[Start of section]
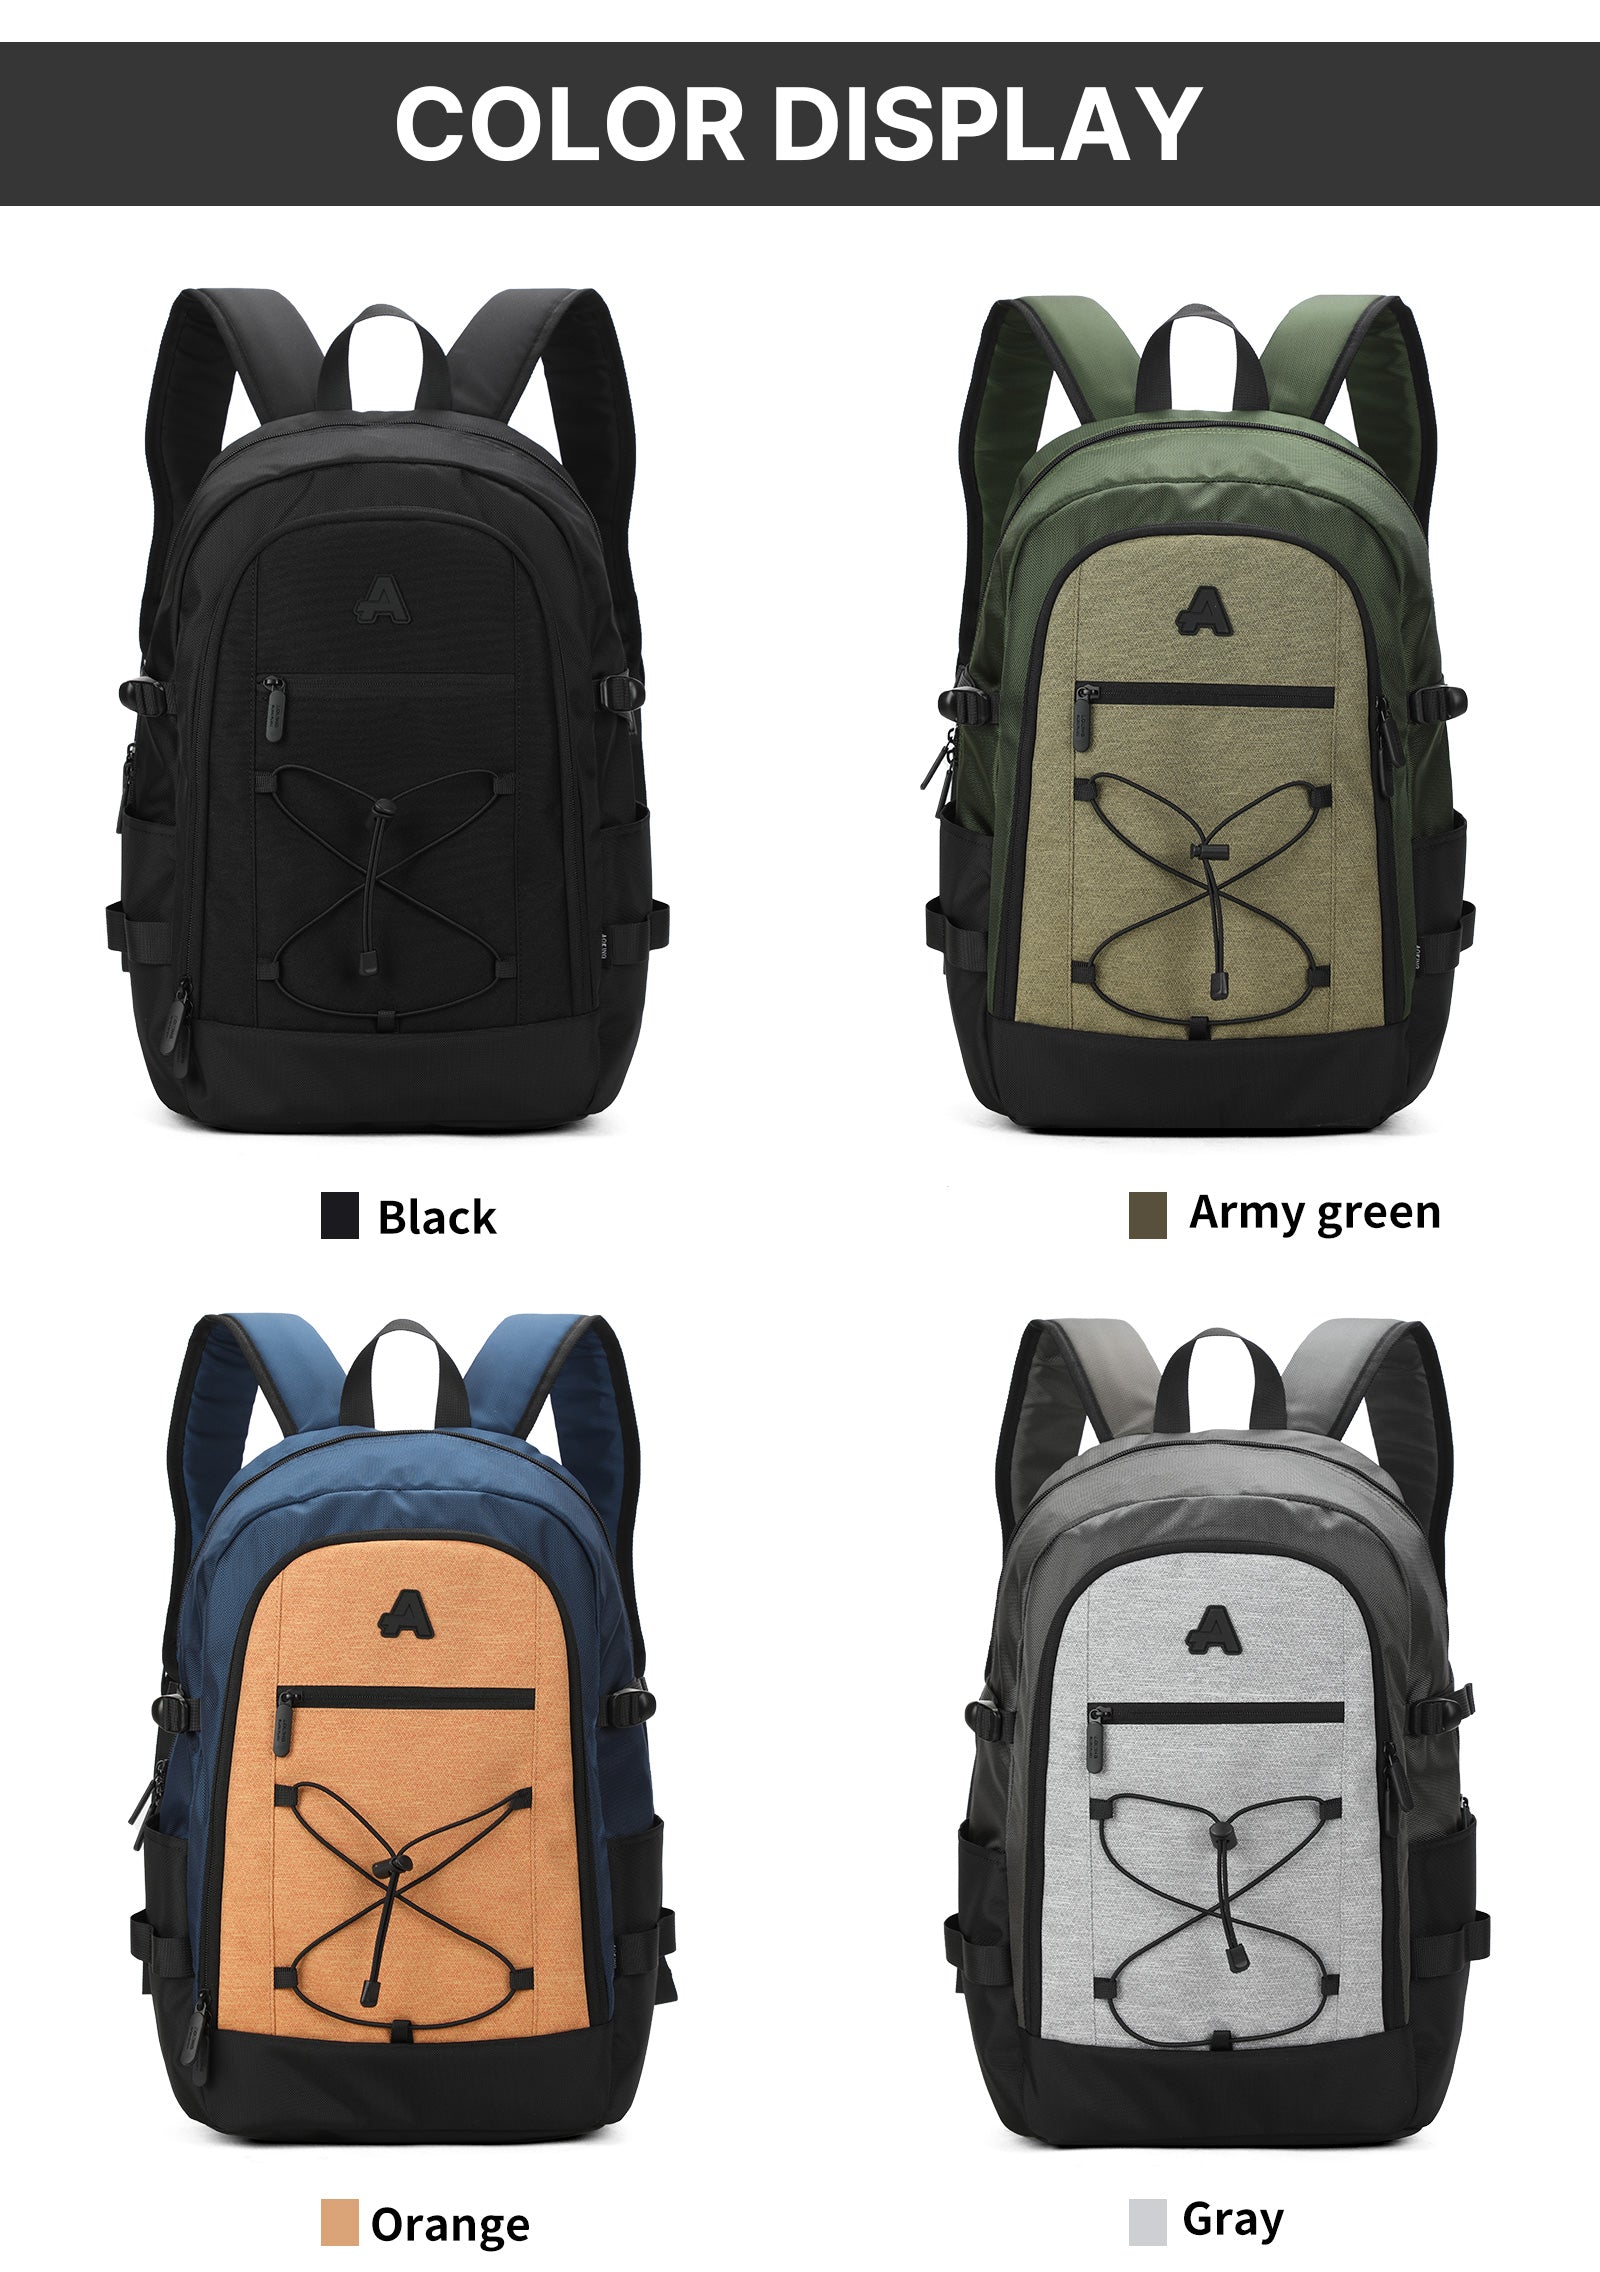 Aoking Backpack Casual Backpack Student Bag XN3508
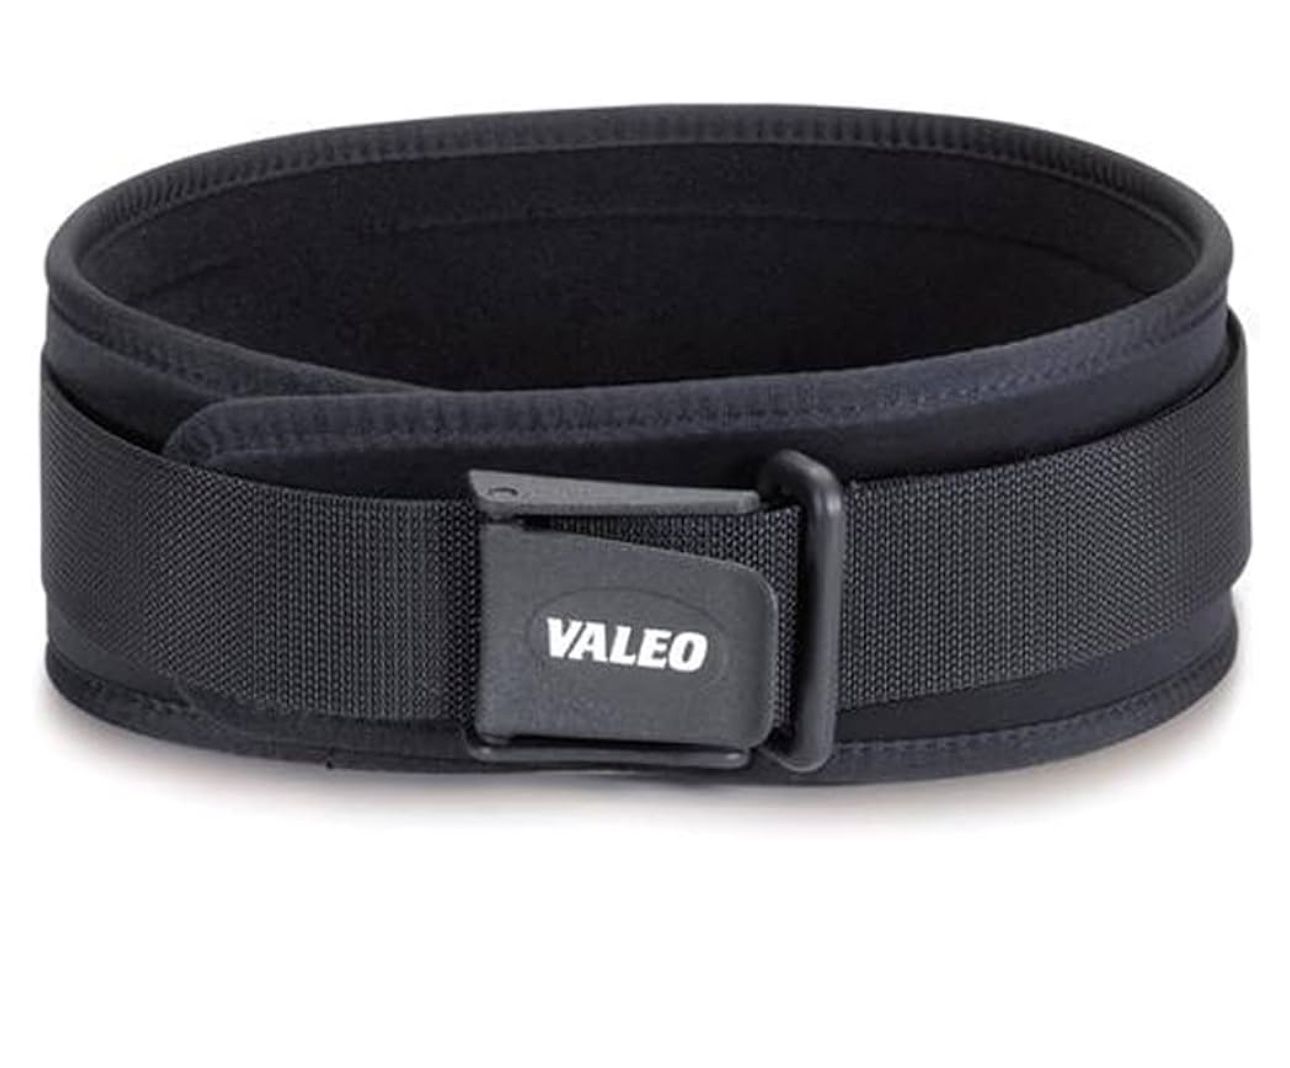 Valeo XL Weight Lifting Belt
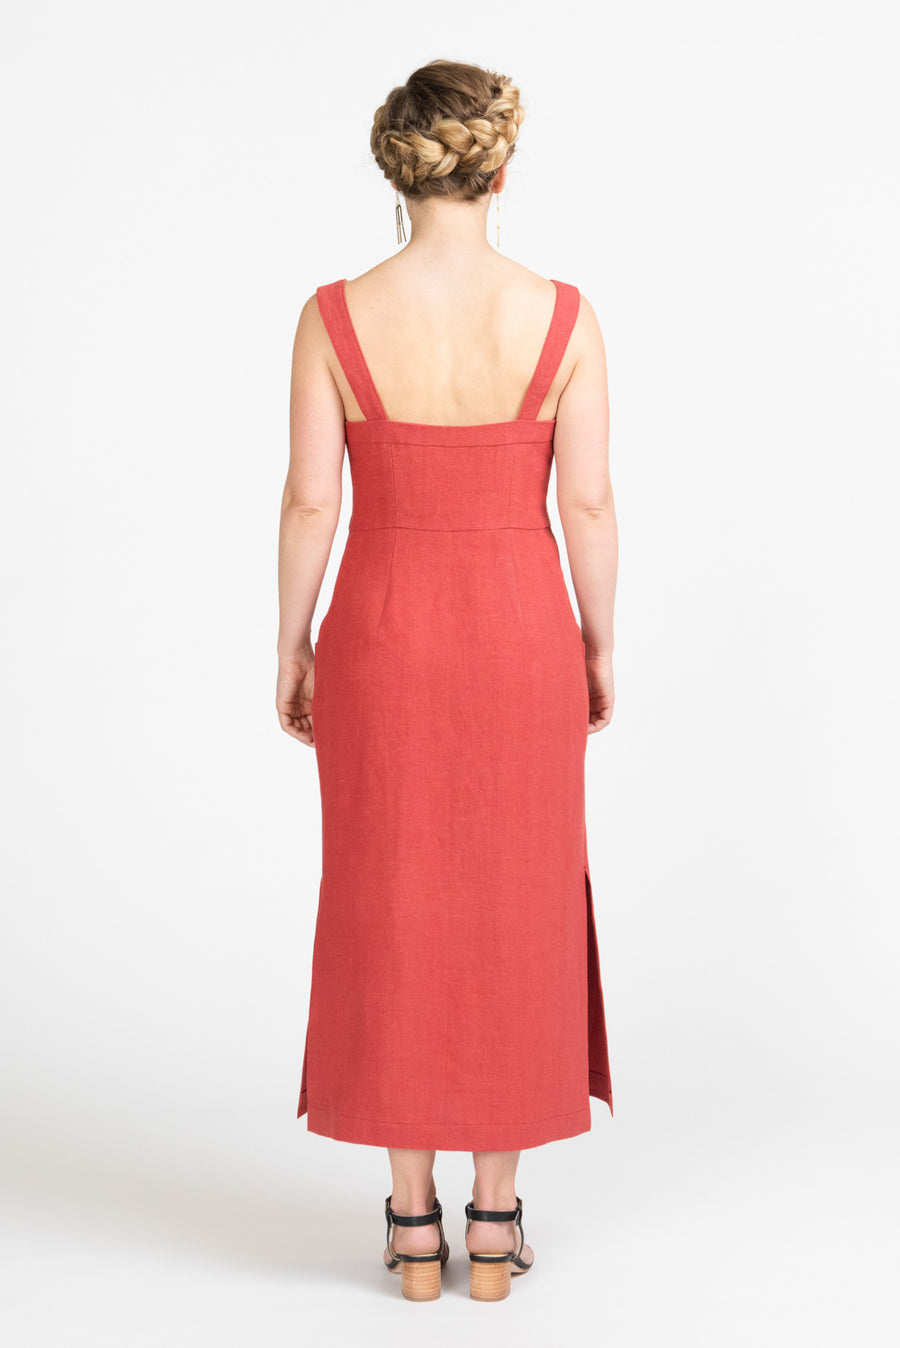 Fiona Sundress Pattern // Princess seamed summer dress pattern // Closet Core Patterns
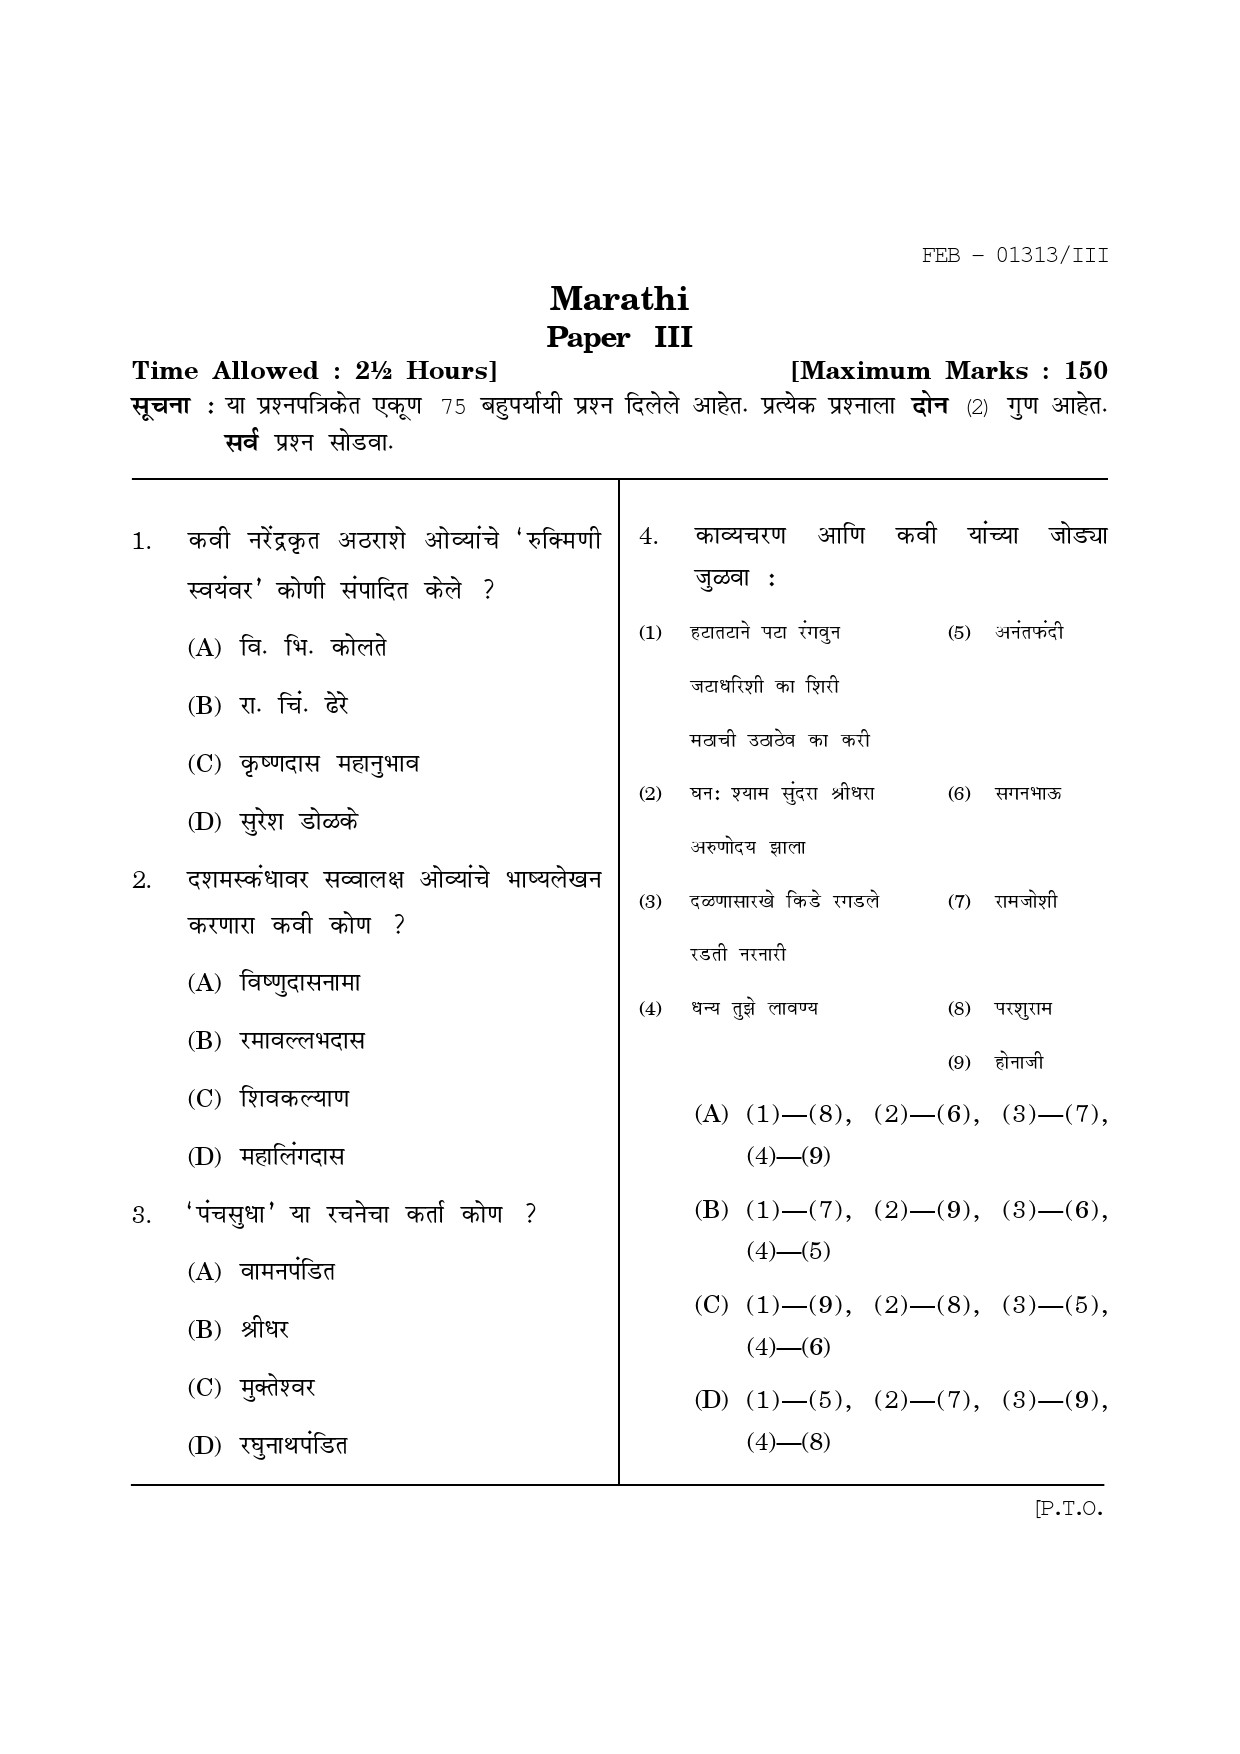 Maharashtra SET Marathi Question Paper III February 2013 1
[End of section]
Please output all the data exactly as given, with the pictures omitted.

Written response >>
 Aoking Backpack Casual Backpack Student Bag XN3508
 Valeo XL Weight Lifting Belt
 Fiona Sundress Pattern // Princess seamed summer dress pattern // Closet Core Patterns
 Maharashtra SET Marathi Question Paper III February 2013 1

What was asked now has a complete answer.